Dataset section below:

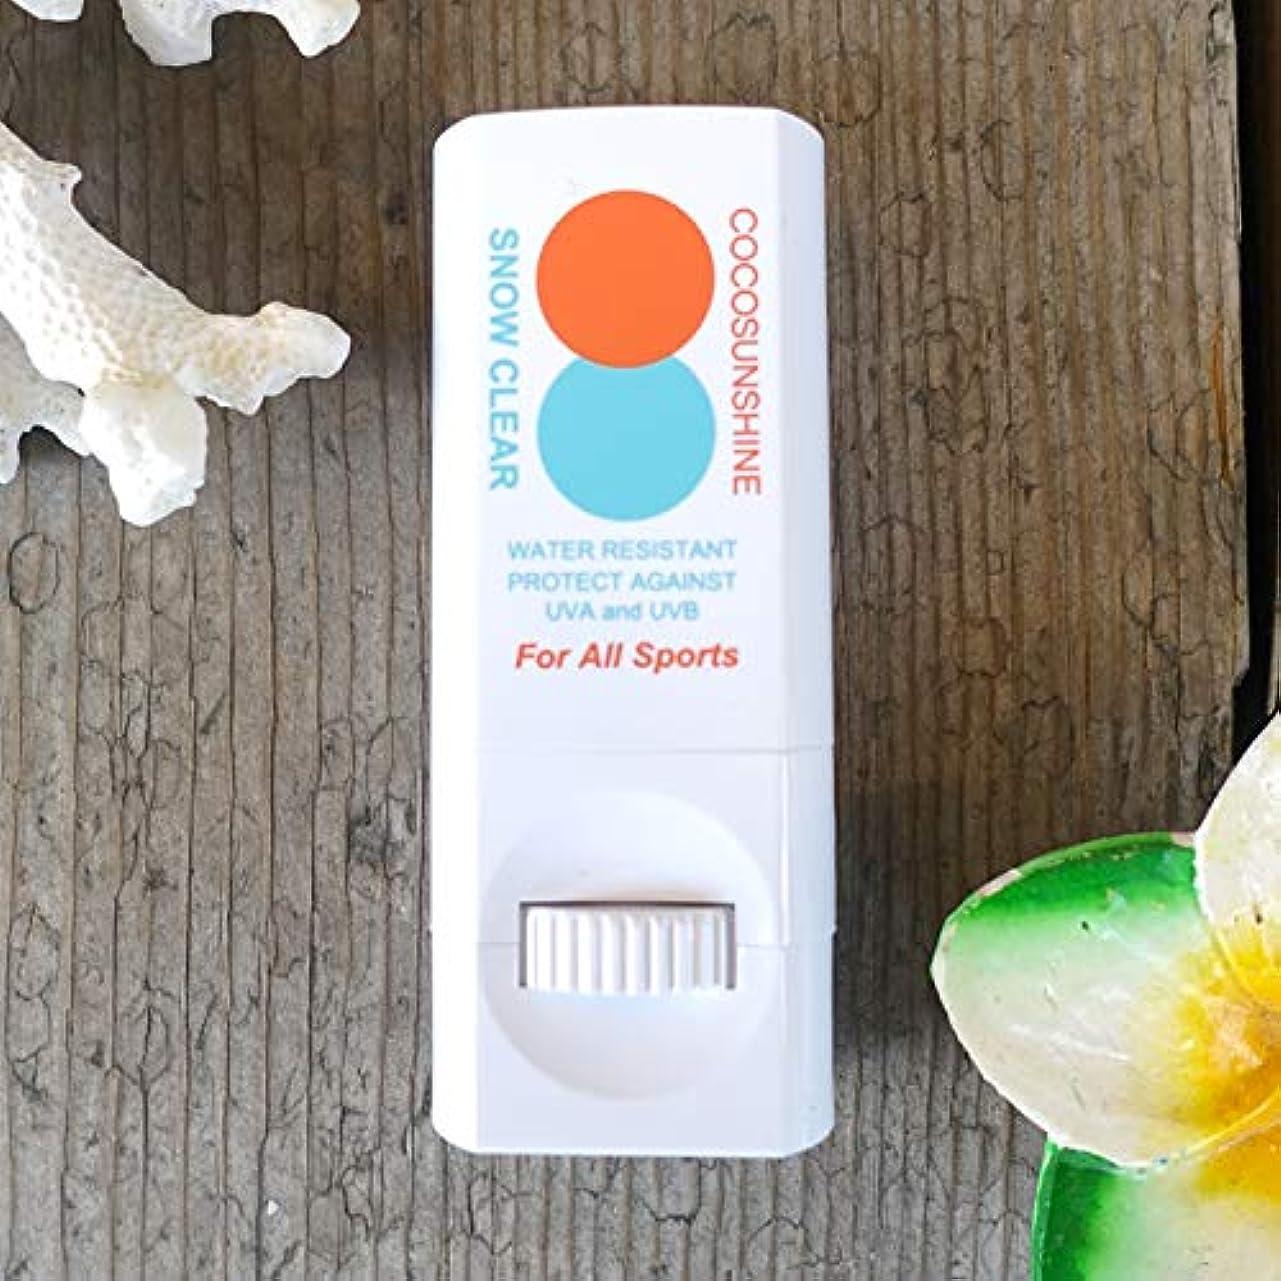 達成ブリークカフェSnipe Sports Cosmetic(スナイプ スポーツ コスメティック) COCO SUNSHINE ココサンシャイン 固形 日焼け止め スティック 練り出しタイプ UVプロテクト SPF30 PA++ スノークリア
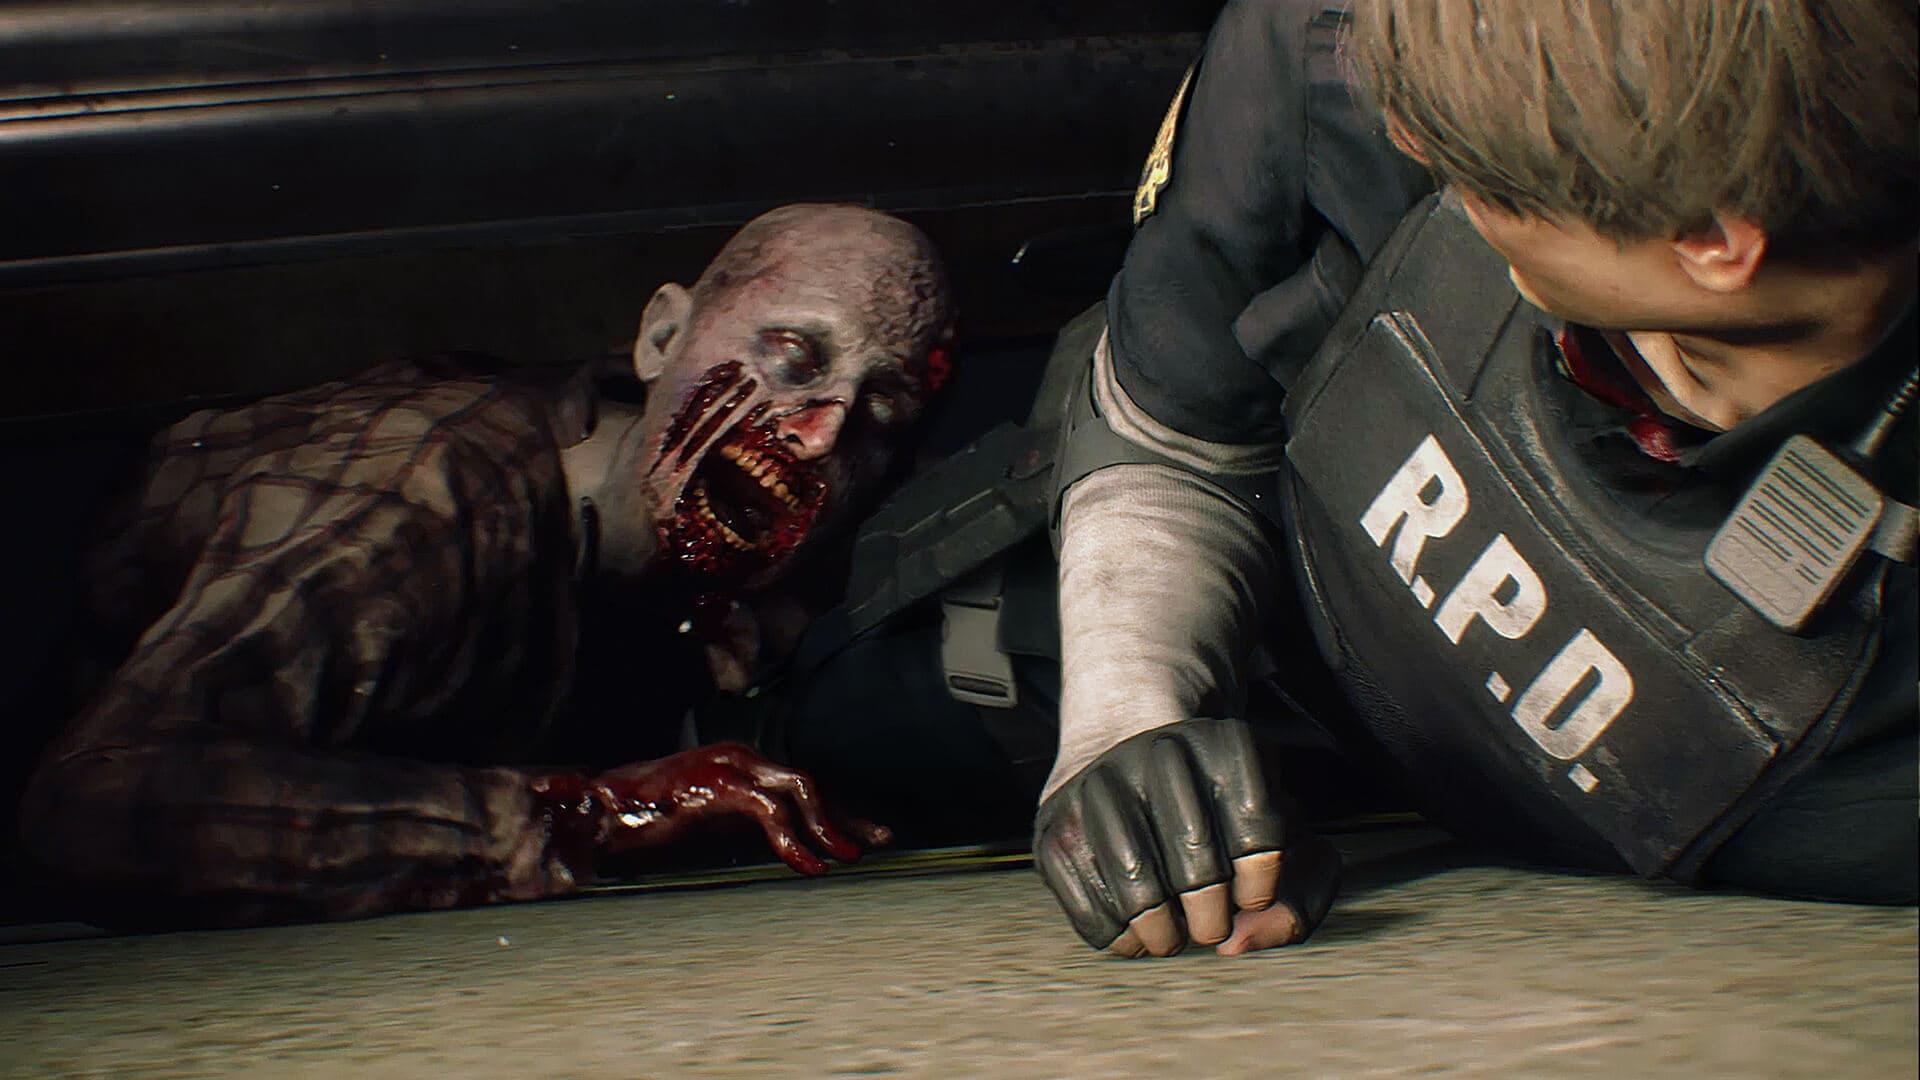 La police ne peut rien y faire, les zombies sont bien prêts à dévorer tout le monde dans Resident Evil 7.
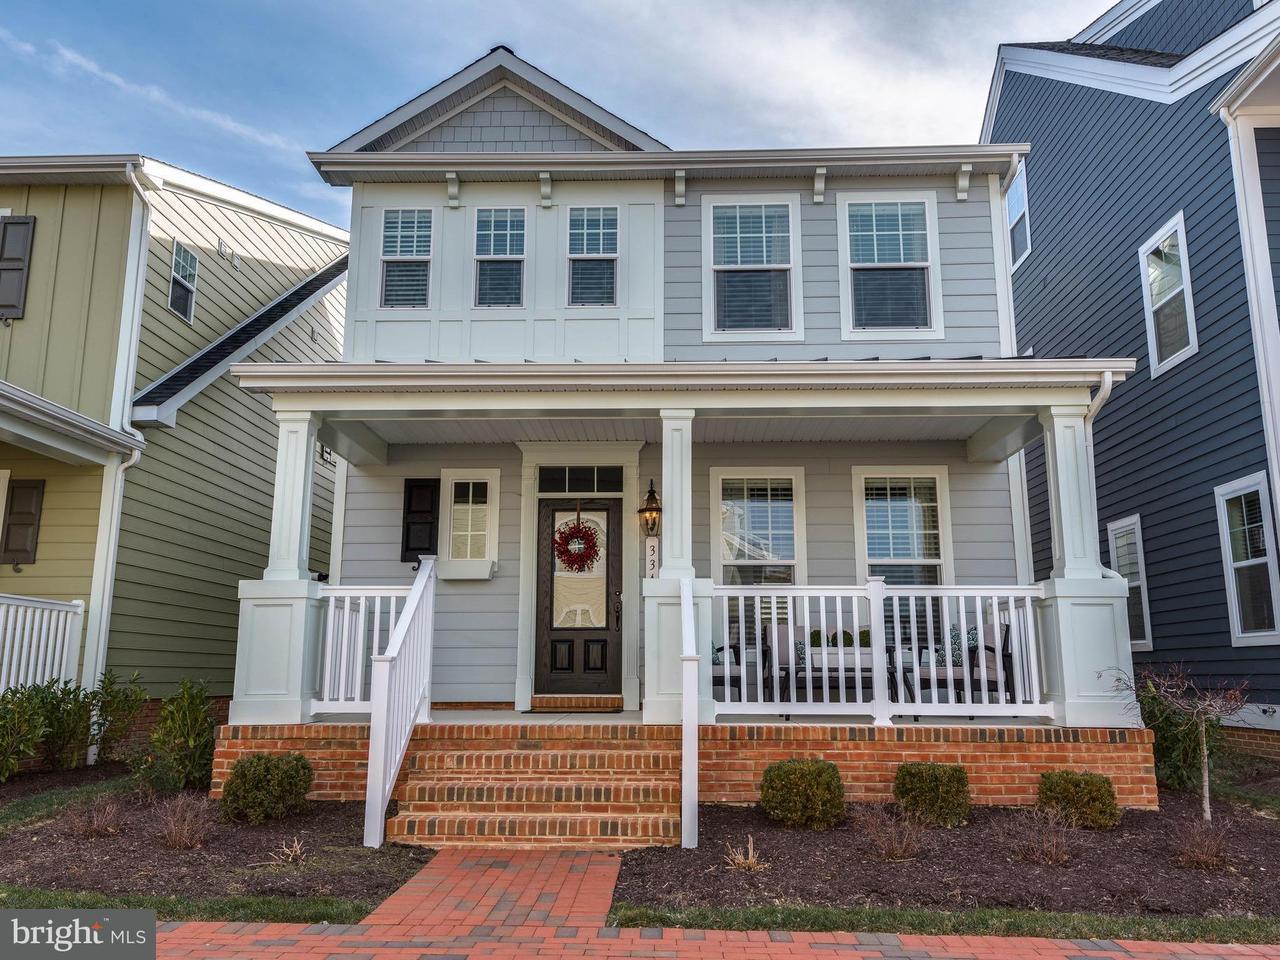 단독 가정 주택 용 매매 에 334 Thomas White Blvd 334 Thomas White Blvd Chester, 메릴랜드 21619 미국

End of Dataset section.

■ **Your instructions**: Please print the entire listing again exactly, minus its images.

■ **Solution for this exercise**:
 達成ブリークカフェSnipe Sports Cosmetic(スナイプ スポーツ コスメティック) COCO SUNSHINE ココサンシャイン 固形 日焼け止め スティック 練り出しタイプ UVプロテクト SPF30 PA++ スノークリア
 La police ne peut rien y faire, les zombies sont bien prêts à dévorer tout le monde dans Resident Evil 7.
 단독 가정 주택 용 매매 에 334 Thomas White Blvd 334 Thomas White Blvd Chester, 메릴랜드 21619 미국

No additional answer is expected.